Data under study:
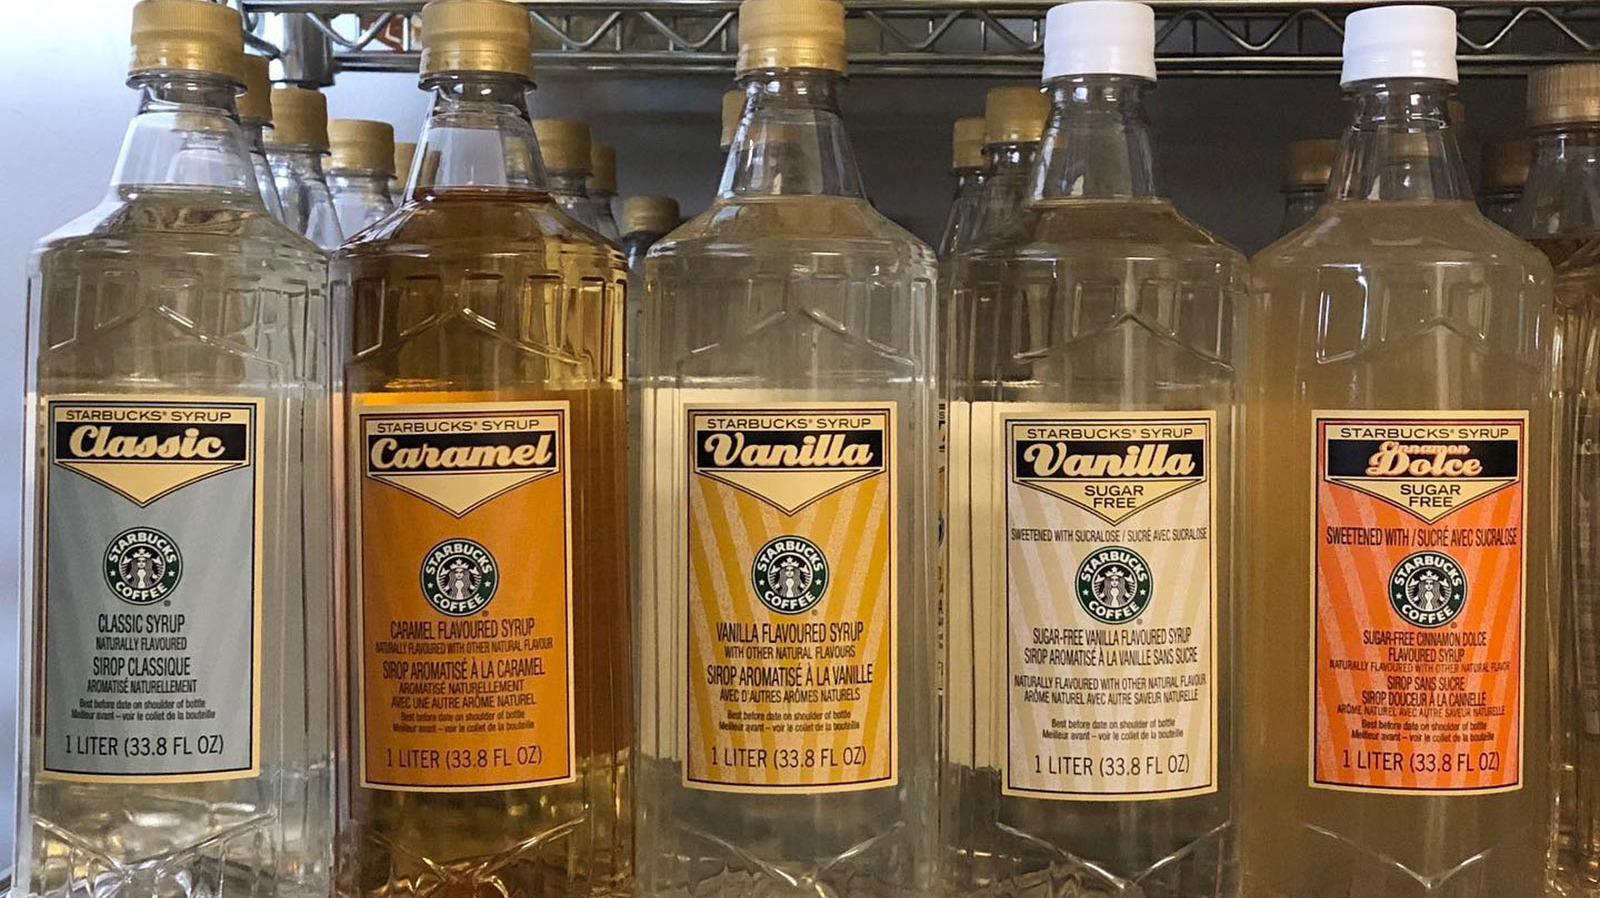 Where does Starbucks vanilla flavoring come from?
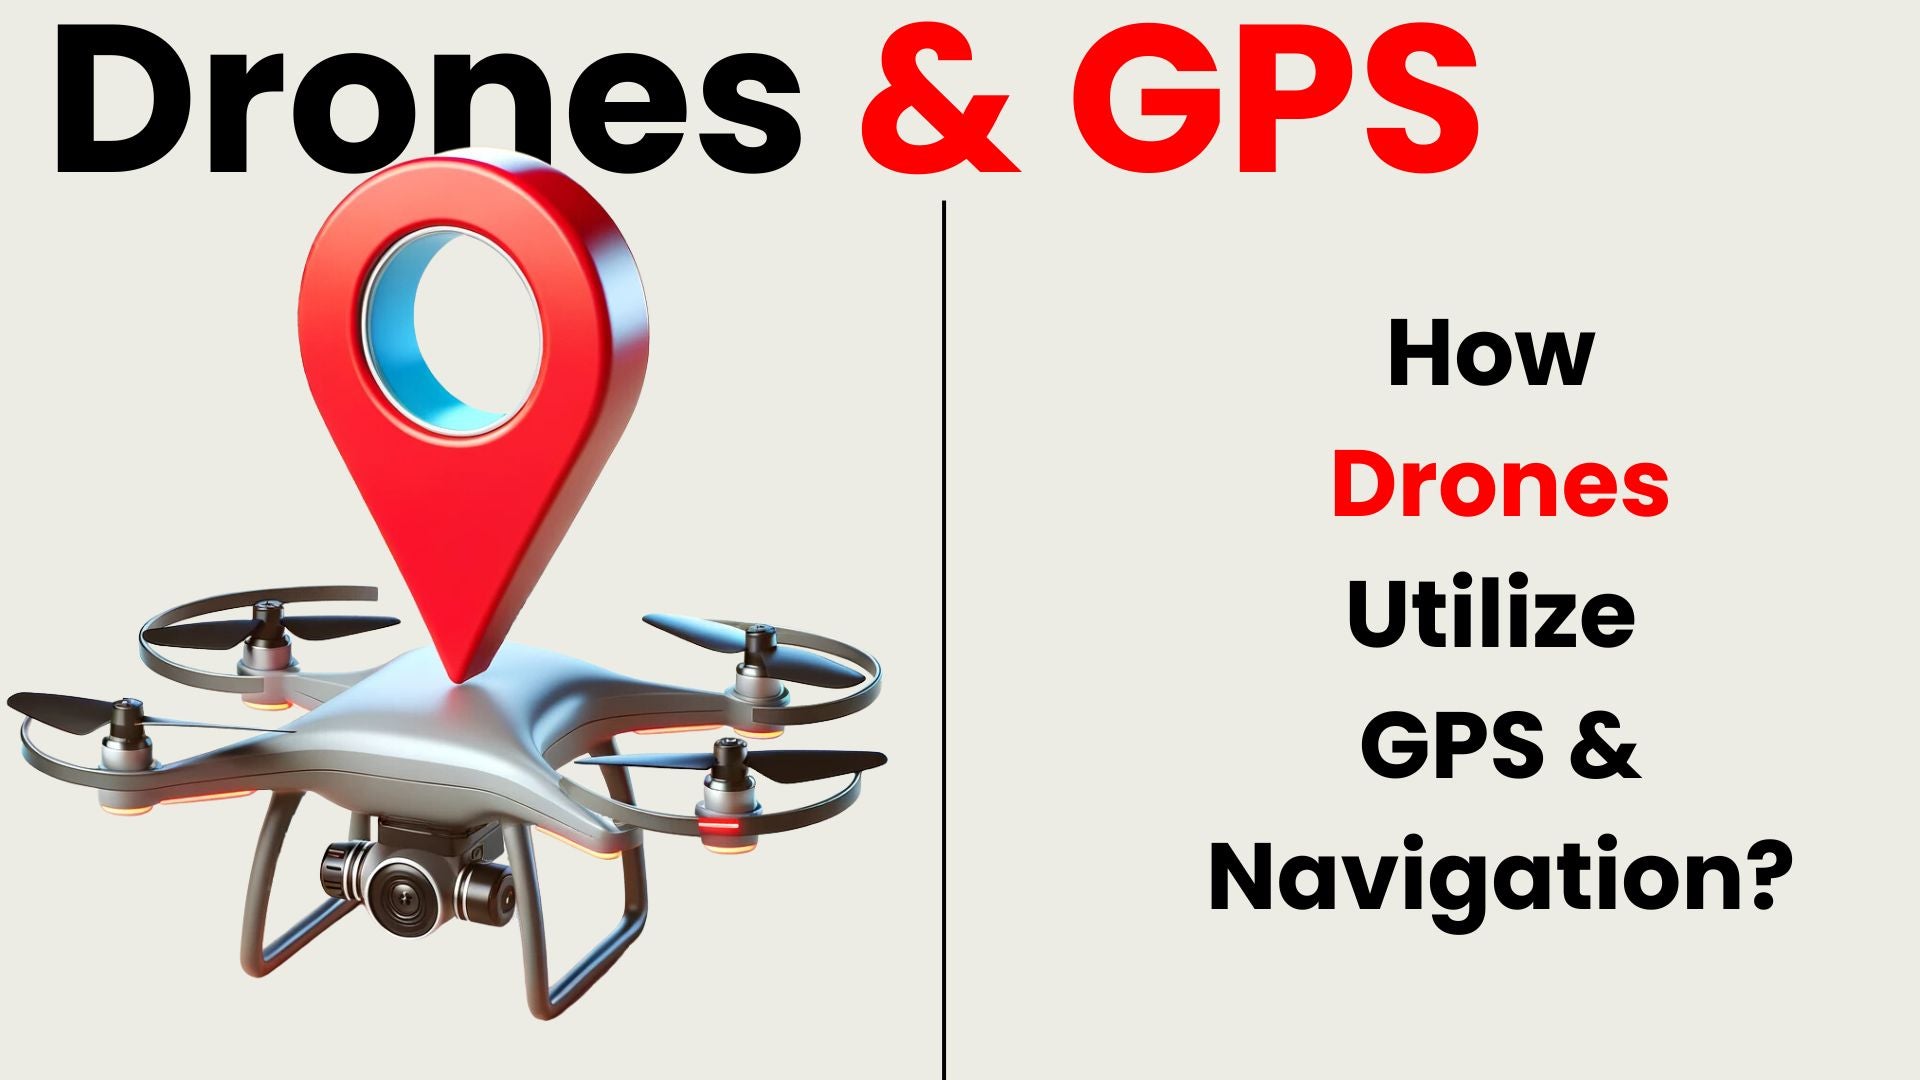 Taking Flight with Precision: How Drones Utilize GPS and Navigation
==
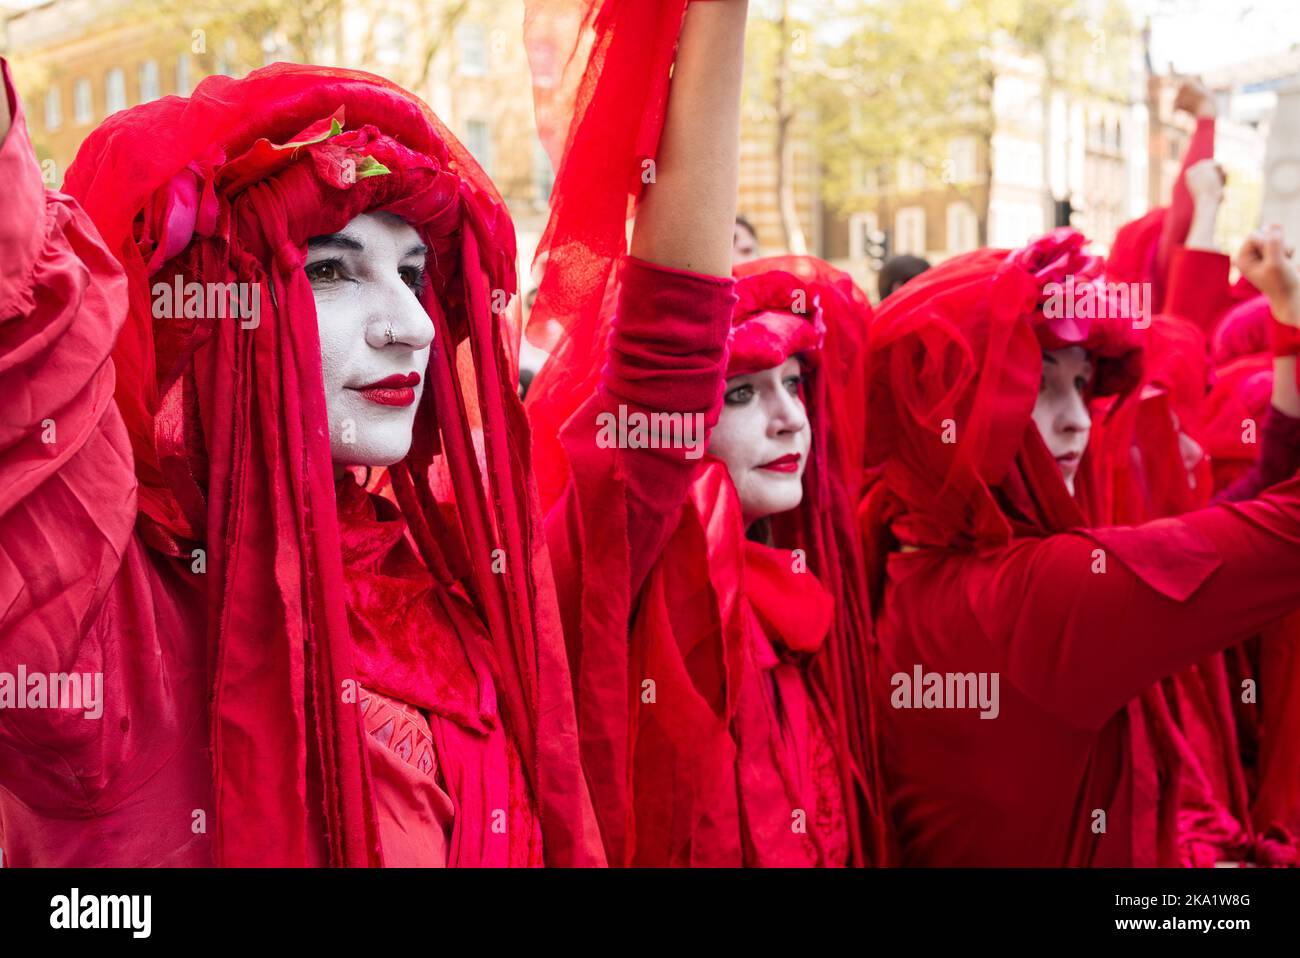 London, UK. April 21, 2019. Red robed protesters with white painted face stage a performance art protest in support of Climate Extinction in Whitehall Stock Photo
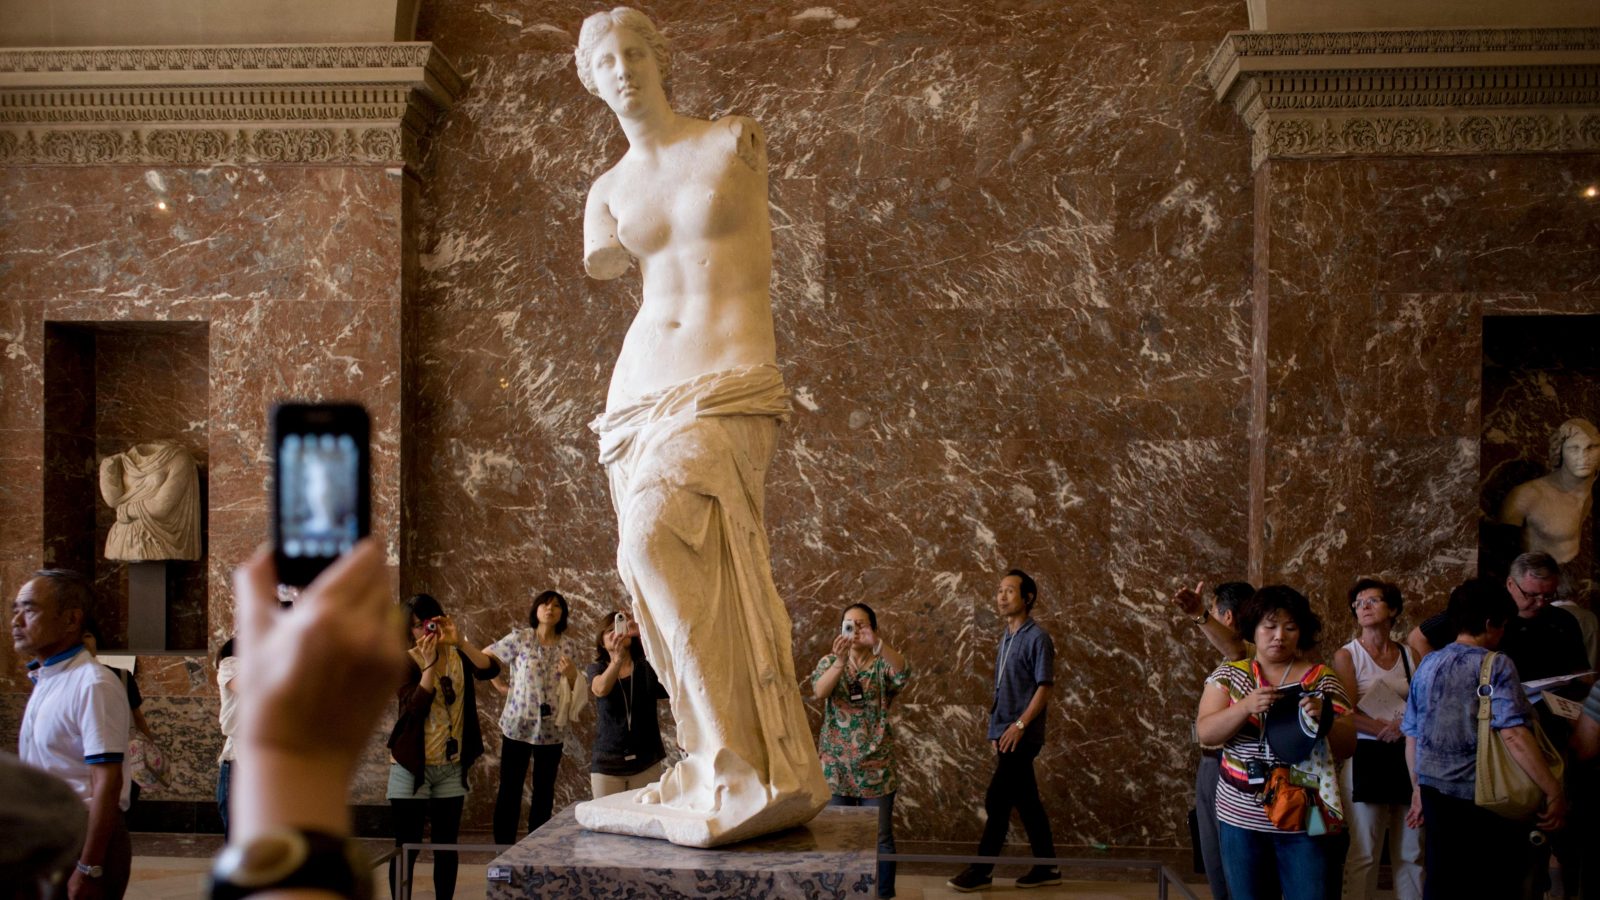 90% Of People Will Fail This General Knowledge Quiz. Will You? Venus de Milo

Exercise details:
Extract from the material above the stretch running from the line containing "Where does Starbucks" through the line containing "Taking Flight with". Keep the text exact and the pictures out.

Written answer:
 Where does Starbucks vanilla flavoring come from?
 Taking Flight with Precision: How Drones Utilize GPS and Navigation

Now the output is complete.